Collected data:

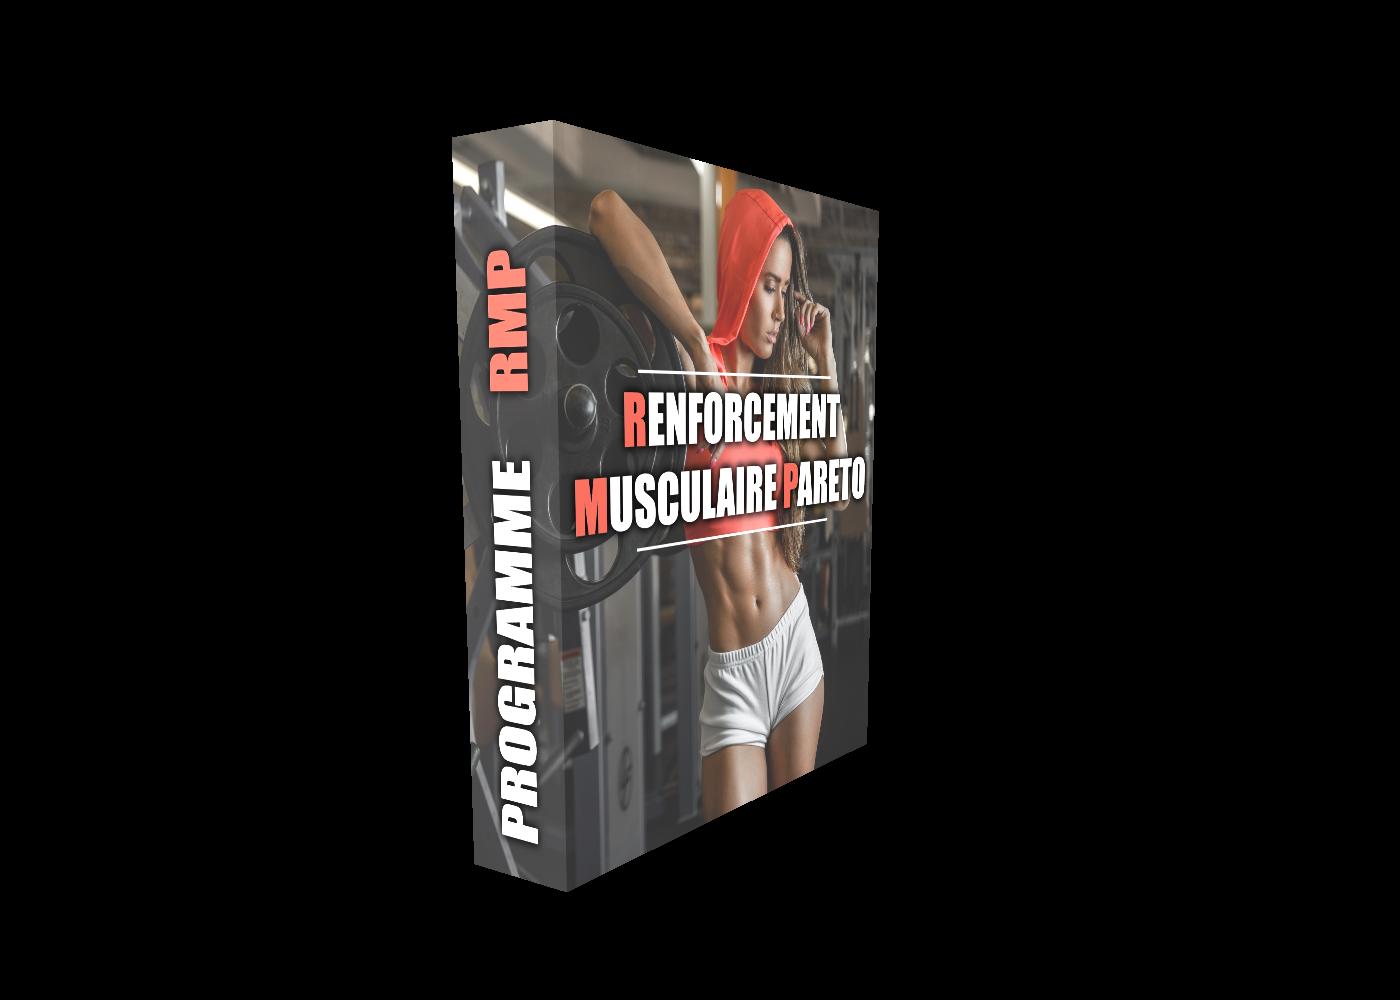 Programme vidéo renforcement musculaire musculation e-learning
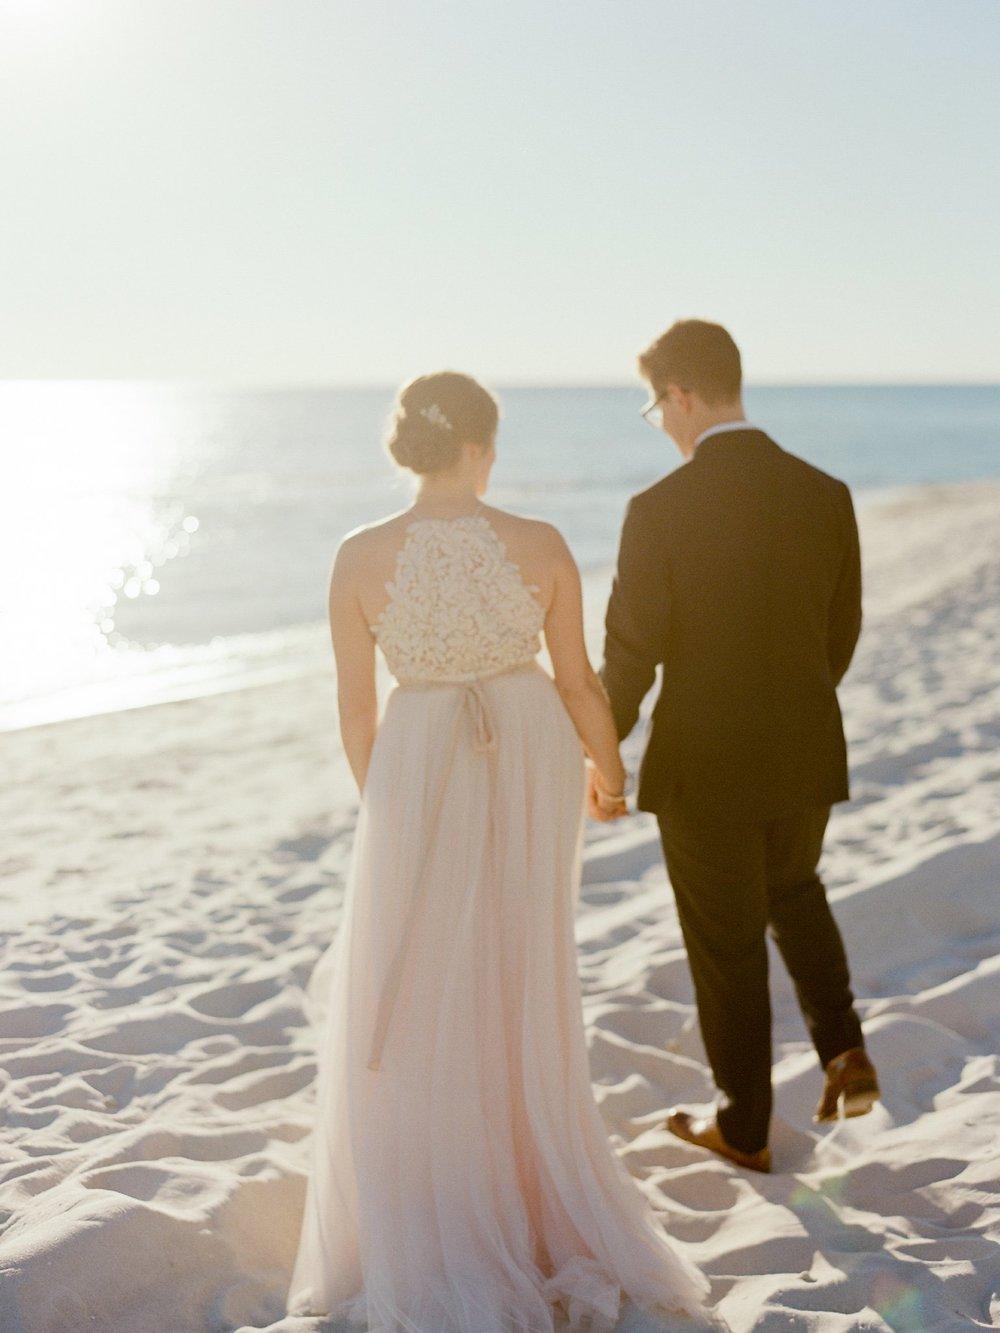 inlet beach wedding 30a wedding inlet beach wedding photographer shannon griffin photography_0025.jpg
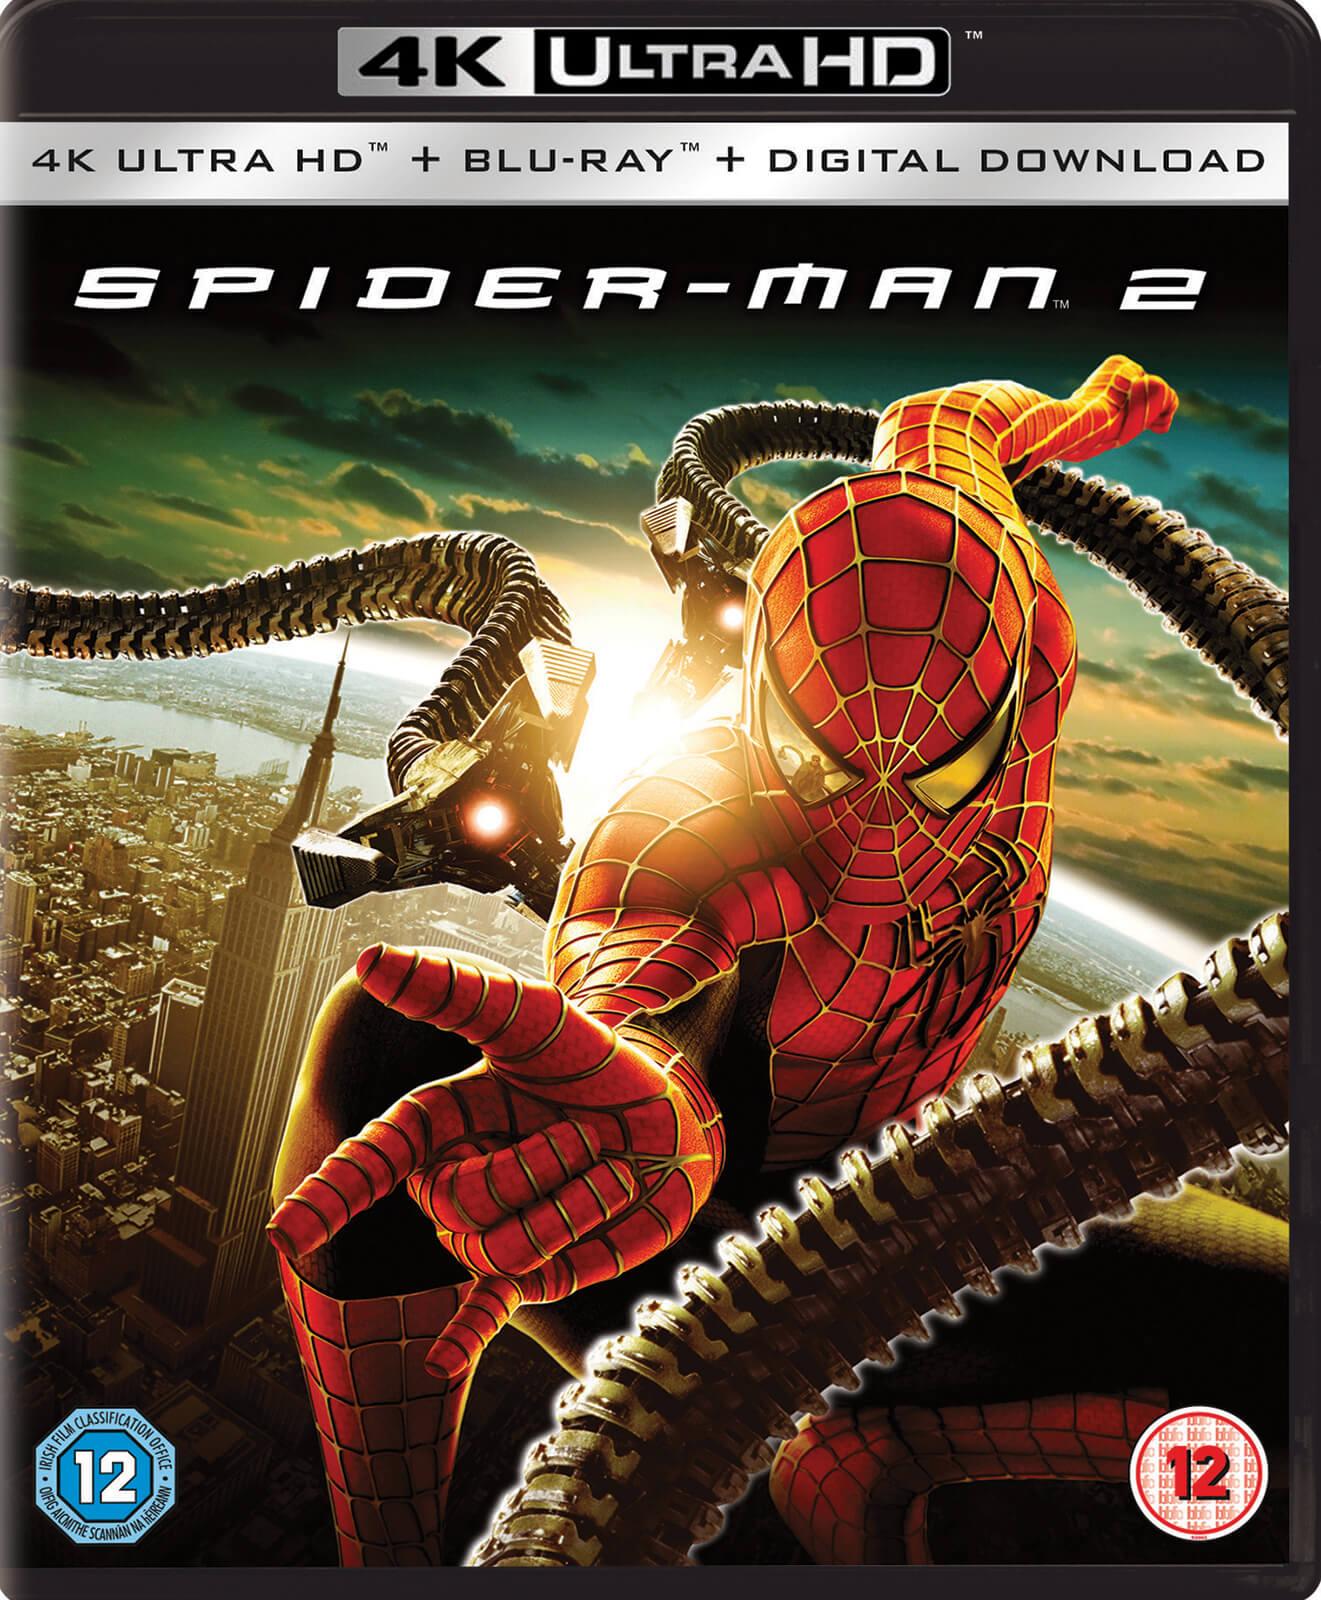 spider-man 2 (2004) - 4k ultra hd blu-ray | zavvi australia
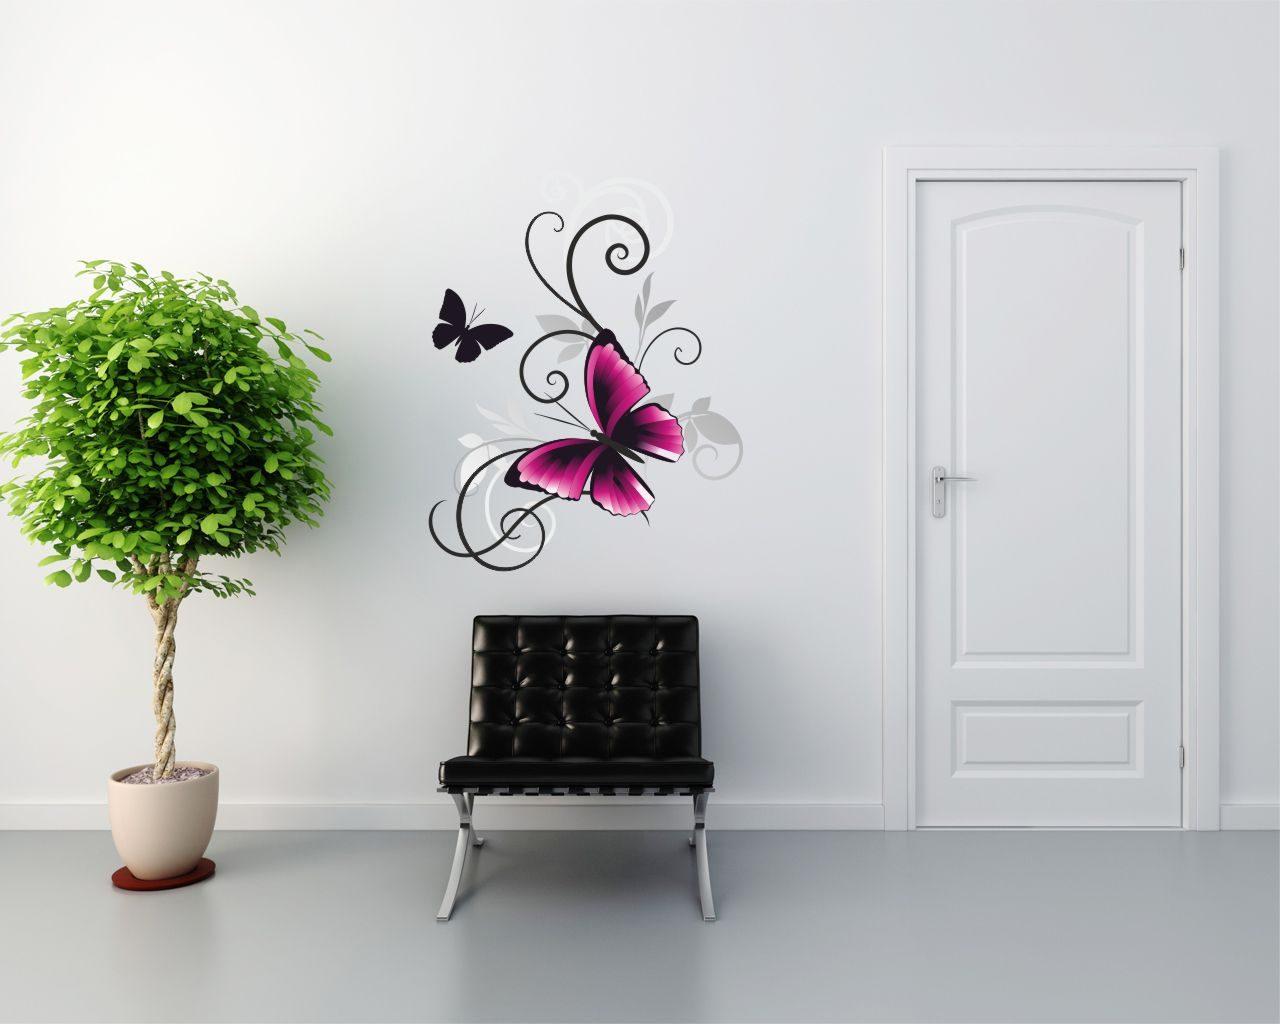 Beautiful pink fly animali adesivo murale - Fly decoration murale ...

Task prompt: Once the pictures are set aside, give every line above again without alteration.

Solution for this exercise:
 Programme vidéo renforcement musculaire musculation e-learning
 inlet beach wedding 30a wedding inlet beach wedding photographer shannon griffin photography_0025.jpg
 spider-man 2 (2004) - 4k ultra hd blu-ray | zavvi australia
 Beautiful pink fly animali adesivo murale - Fly decoration murale ...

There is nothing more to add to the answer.